Incubation of neurons only with micelles containing ceramide species increased in the CSF of patients with multiple sclerosis affects mitochondrial bioenergetics and oxidative damage. (A) Lipid incorporation measured by mass spectrometry in cultured neurons that had been incubated for 24 h with micelles containing the same ceramide species detected in the CSF of patients with multiple sclerosis. (B) Immunocytochemistry of neuronal cultures after 24-h treatment with micelles composed of the indicated ceramide species and then stained with antibodies for nitrotyrosine (green) and NeuN (red) to assess oxidative damage. Arrowheads indicate differences in nitrotyrosine staining intensity in the different conditions.

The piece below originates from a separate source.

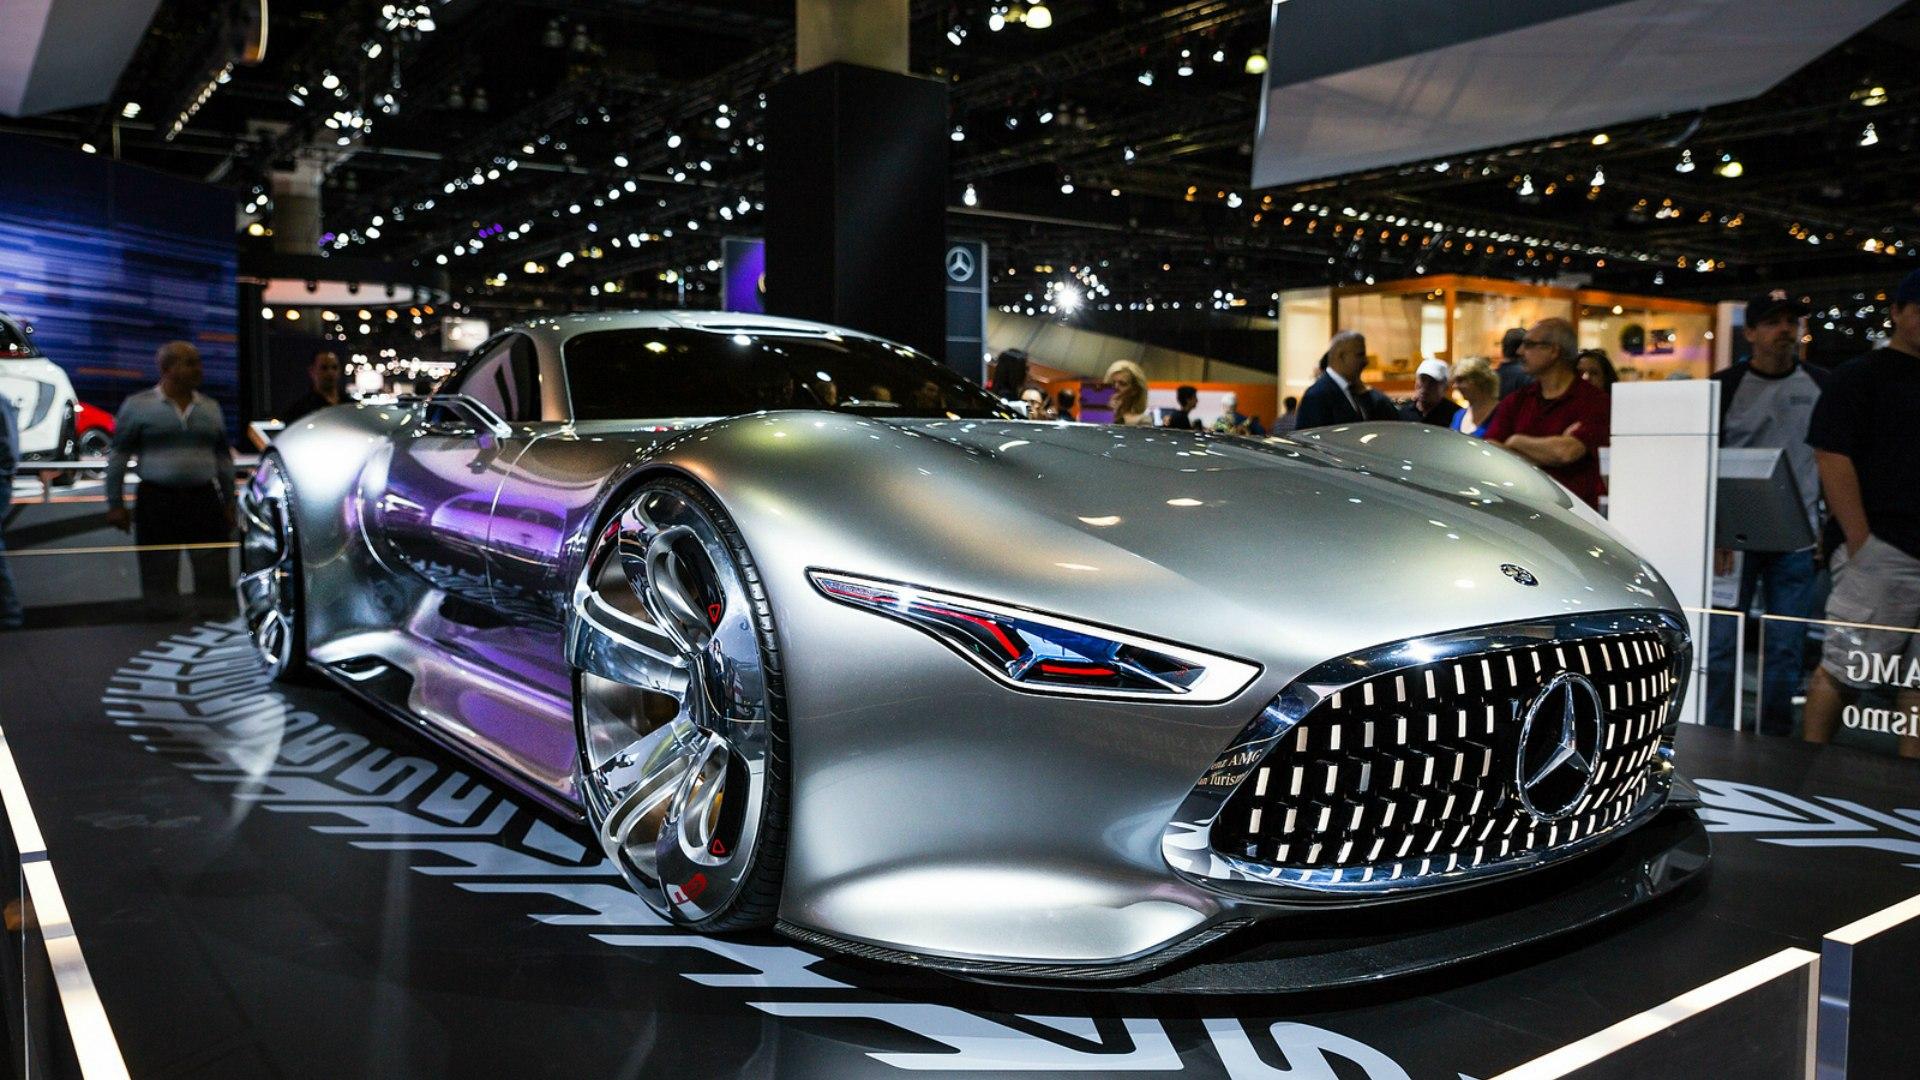 Striking mercedes benz amg vision gran turismo wallpapers for Mercedes benz amg vision gran turismo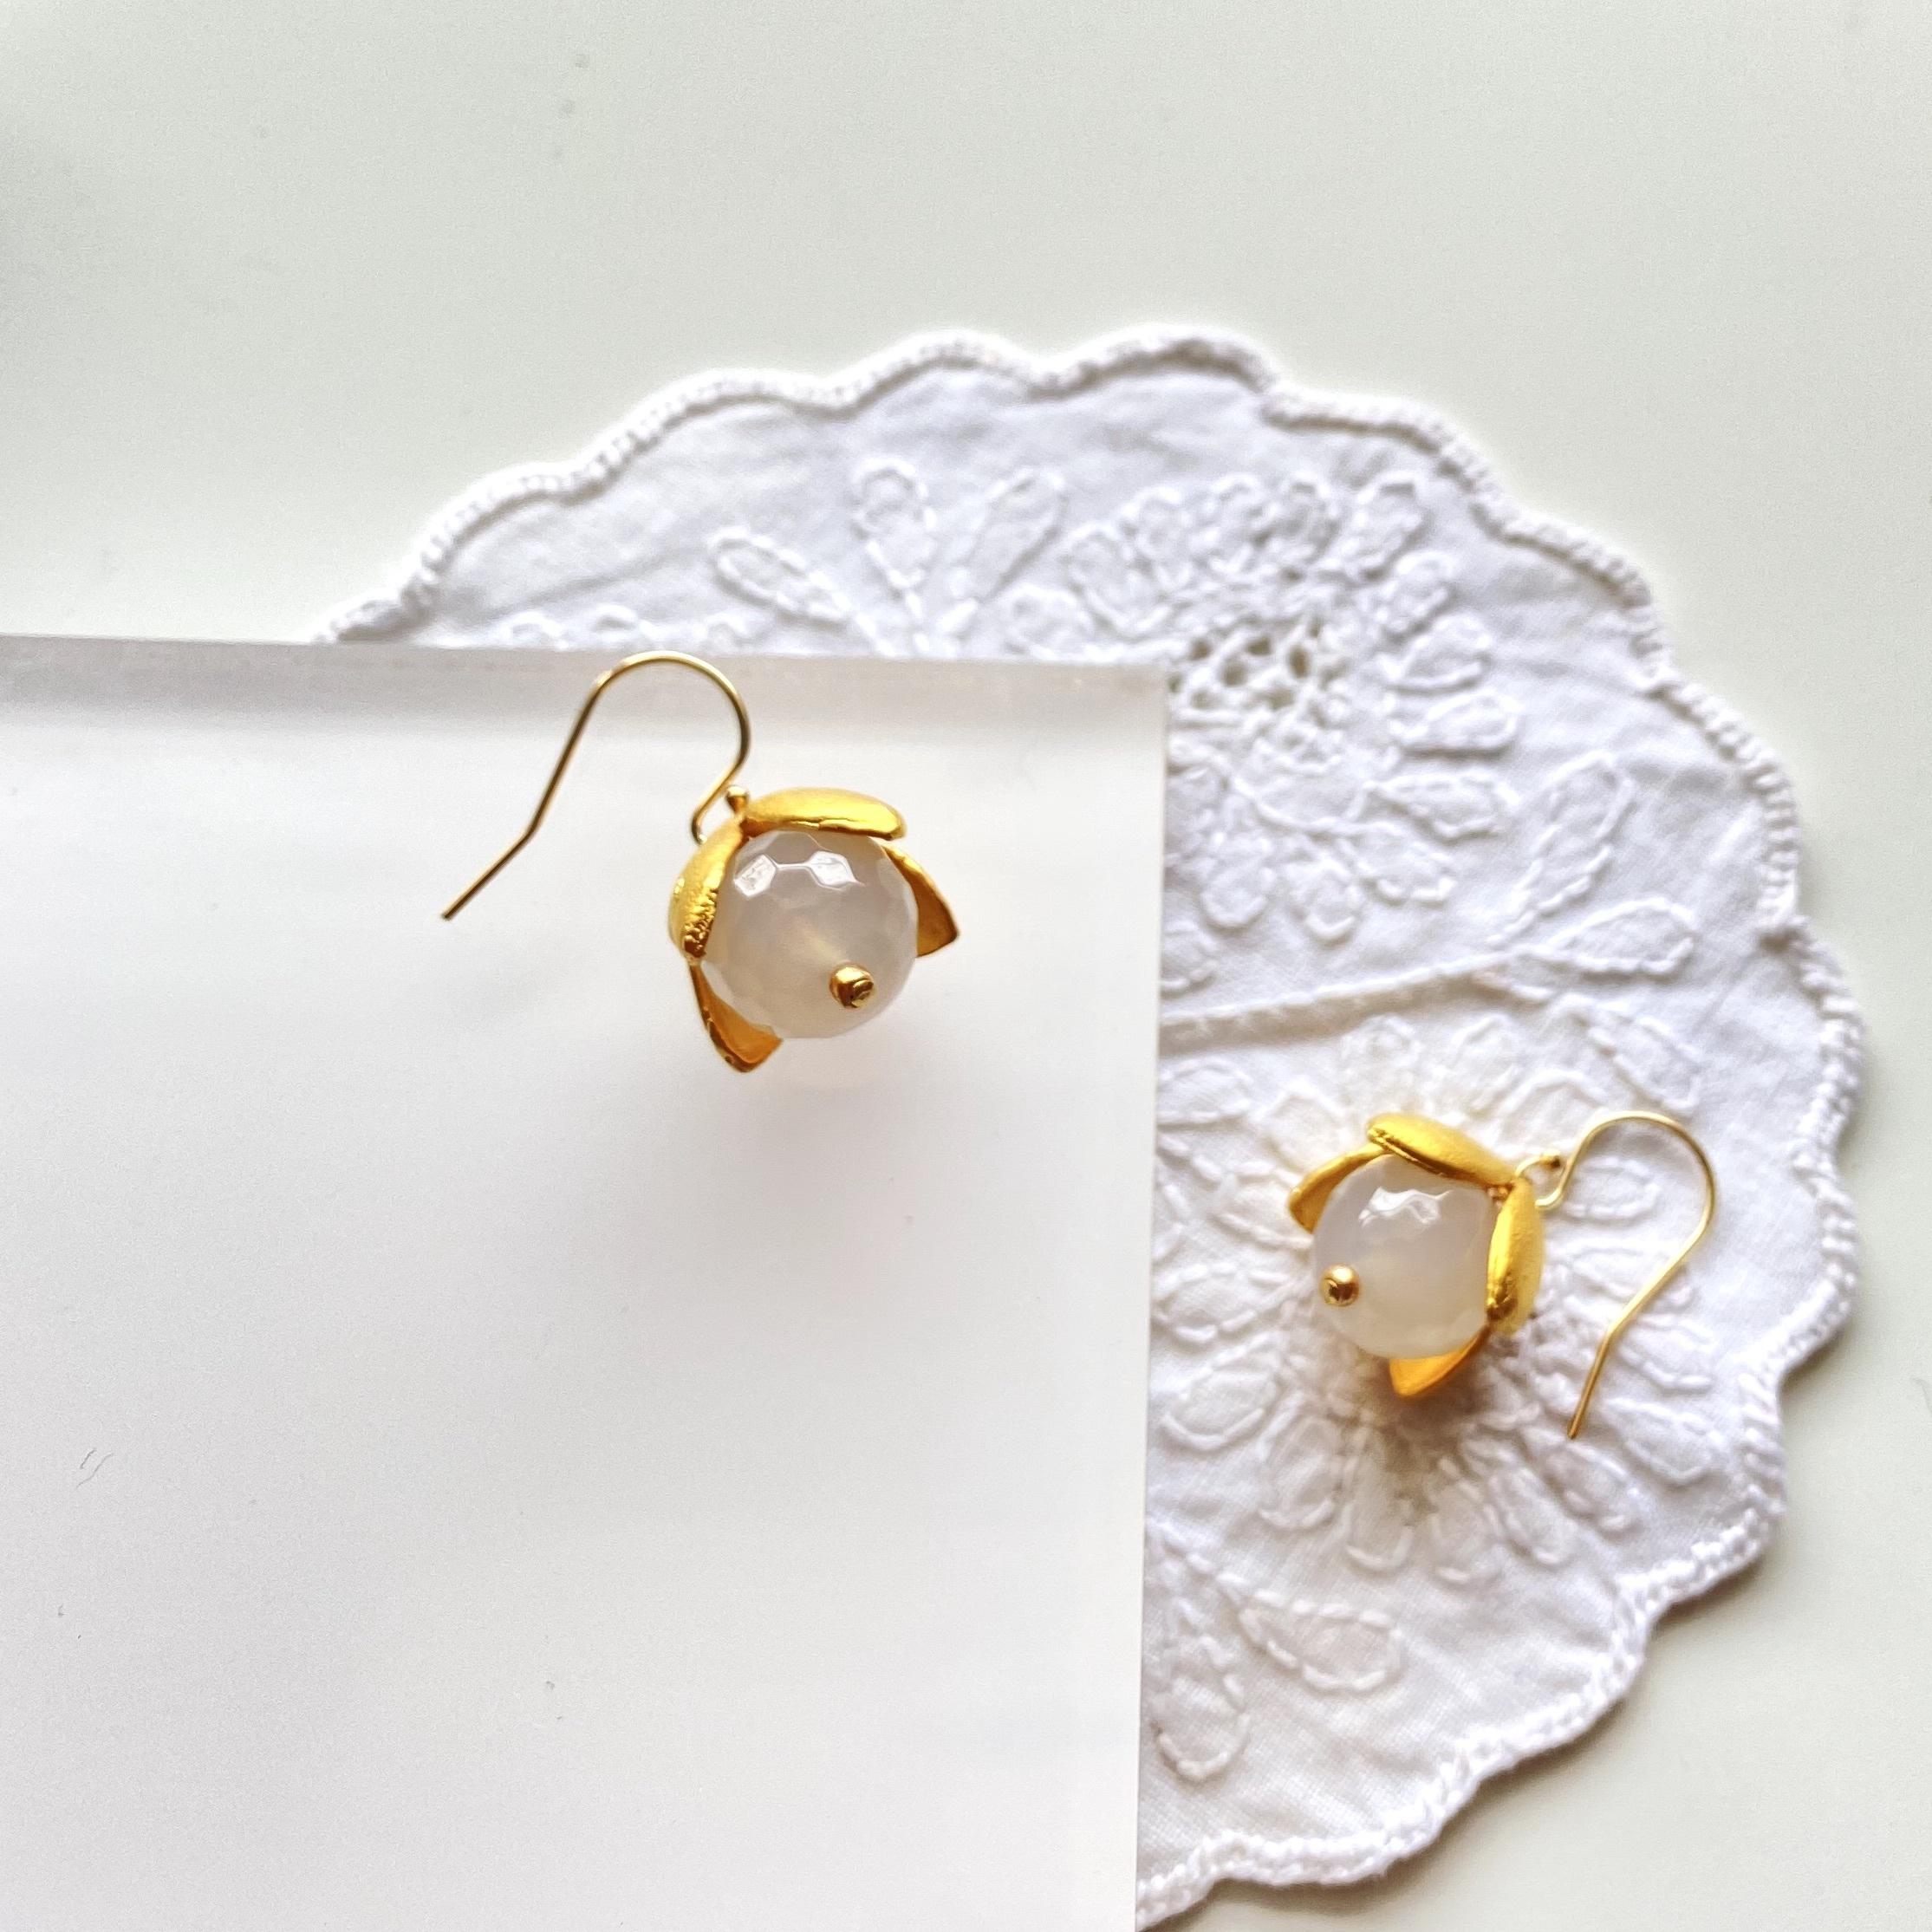 PUSHPA earrings

Scale bar = 50 µm. (C) Quantification of nitrotyrosine pixel intensity levels represented as the mean ± SEM relative to control levels. *P < 0.05, ***P < 0.001. (D) Bioenergetic analysis of neurons exposed to chronic oxidative stress and then treated with micelles for 24 h was performed using a Seahorse Analyzer. Data represent the mean ± SEM of the oxygen consumption rate levels relative to basal respiration levels measured in neurons treated with control micelles, containing ceramide species found in the CSF of controls. (E) Spare respiratory capacity levels calculated from the results of the bioenergetic analysis. Data are expressed as the percentage of the oxygen consumption rate from cultures incubated with control micelles sample. Statistical differences for C and E were determined using one-way ANOVA with Dunnett’s multiple comparison test. *P < 0.05, ***P < 0.001 versus control.